# Heki Midi Wind Deflector



## b6x (Feb 26, 2007)

We get a bit of wind noise around the front Heki rooflight when cruising down the motorway. Does anyone know where (or even if they are available) I can get a wind deflector to sit in front of it? I've checked Dometic's site but found nothing obvious, and can only find standard roof vent sizes elsewhere. 

I can probably get one "home fashioned" in fibreglass, but would prefer the genuine article.

Many thanks,
Steve


----------



## chrisjrv (May 7, 2007)

Dometic do make wind deflectors for their vents but it may be that like mine it is the type of vent which has permanent ventilation,eg no seal. If you open the vent and feel on the base where the lid close you should feel a thin rubber lip, if not.. yours has permanent ventilation. This is another can of worms where people say you must have this ventilation to comply with legislation and yet the ventilated type is only meant for caravans where the noise would not matter, cross that bridge when you come to it though, :roll: 
Regards,
Chris V


----------



## tramp (May 25, 2005)

*wind deflector*

hi steve,
heiki used to do one for the larger size but after a few years they can blow off the roof due to sealent breaking down from uv/frost etc.

on our vans the roof vent does not close 100% as it lets in air for ventilating the interior of the van when parked up, we sometimes find flies inside the van after being parked up for a while.I think thats why yours is whistling ours does not seem to do so. On the midi heki`s when bought as a extra self fit you can stipulate vented or unvented -one for campers the other caravans, maybe dometic do a small rubber sealing strip as thats all it is in essene.

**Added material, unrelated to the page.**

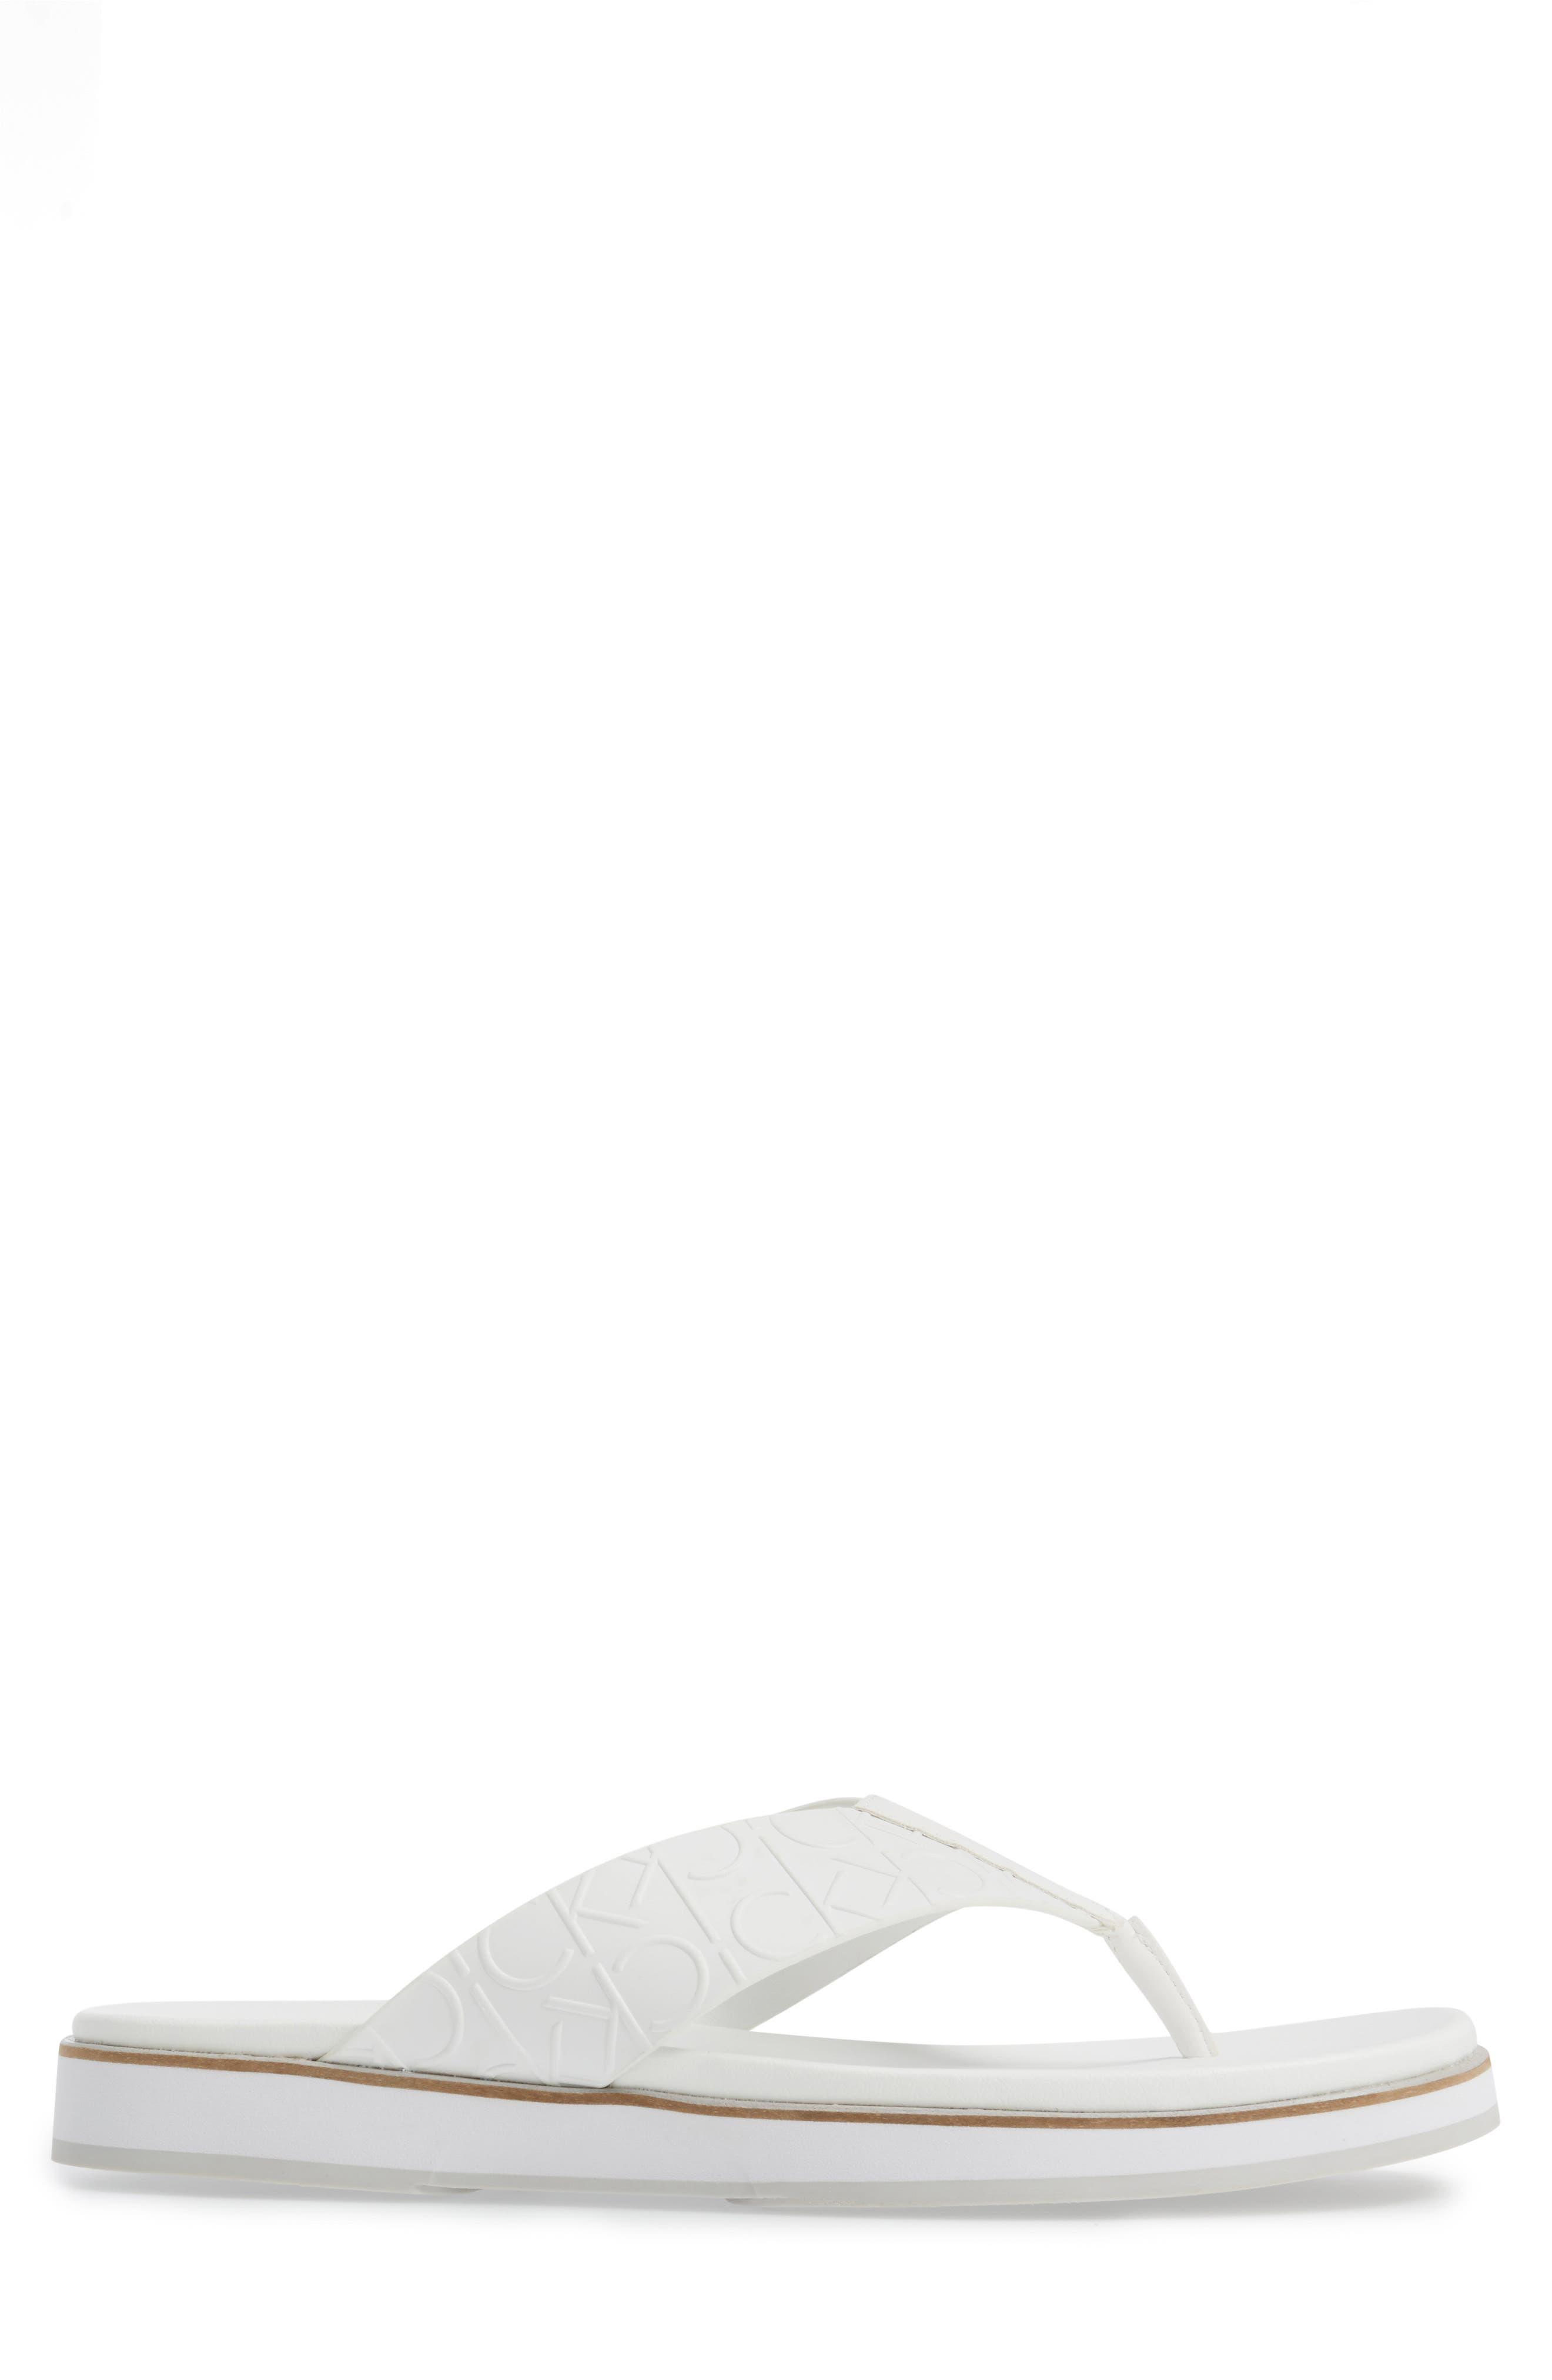 Alternate Image 3  - Calvin Klein Deano Flip Flop (Men)
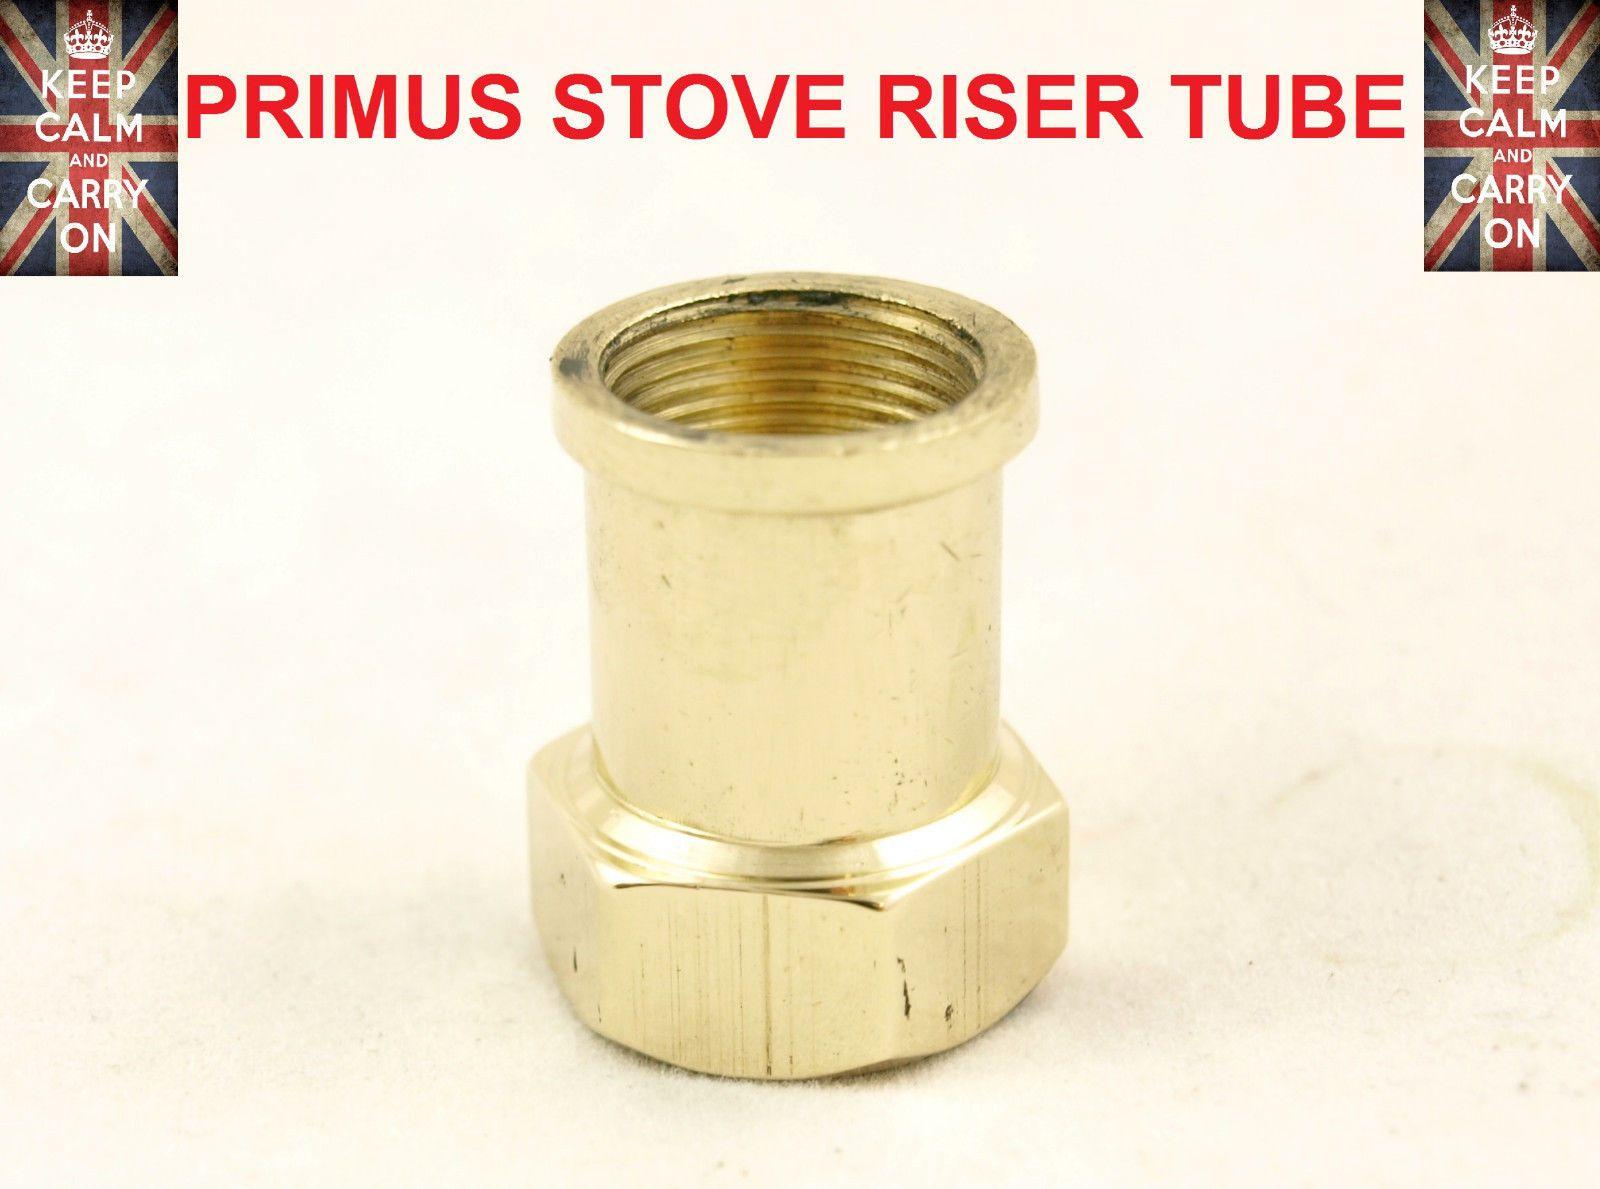 Primus Stove Riser Tube Parts Optimus Stove Kerosene Stove Paraffin Stove Spares Primus Stove Kerosene Paraffin

hope this helps, also the roof needs to be 100% flat or you have to uselots of sealent or a spacer, :roll:

tramp


----------



## rowley (May 14, 2005)

Not going to be easy as the roof on the X250 is ridged. I have not noticed any noise from mine, but I would like to get hold of some of the seal. I know that members have asked about the seal before but I don't think a source was found.


----------



## 96960 (Dec 15, 2005)

There are wind shields listed in the 2008 Fiamma catalogue.
Hope this helps.


----------



## kenp (Sep 8, 2006)

Why not convert your fixed ventilation to sealed (provided you have other fixed ventilation).

There are seals for both the Midi (BG1521)and Mini (BG1327 about £10 including P&P) which will cut down the draught and wind noise.

To see the spares diagrams and to order parts go to:

www.leisurespares.co.uk

Open "Contact" page then on LHS click on Seitz Heki Rooflights then pick the appropriate size. You will then see the engineering drawing followed by the "exploded" parts diagram and below that the parts list.

If you phone or email Leisure spares you will find them most helpful.

Kenp


----------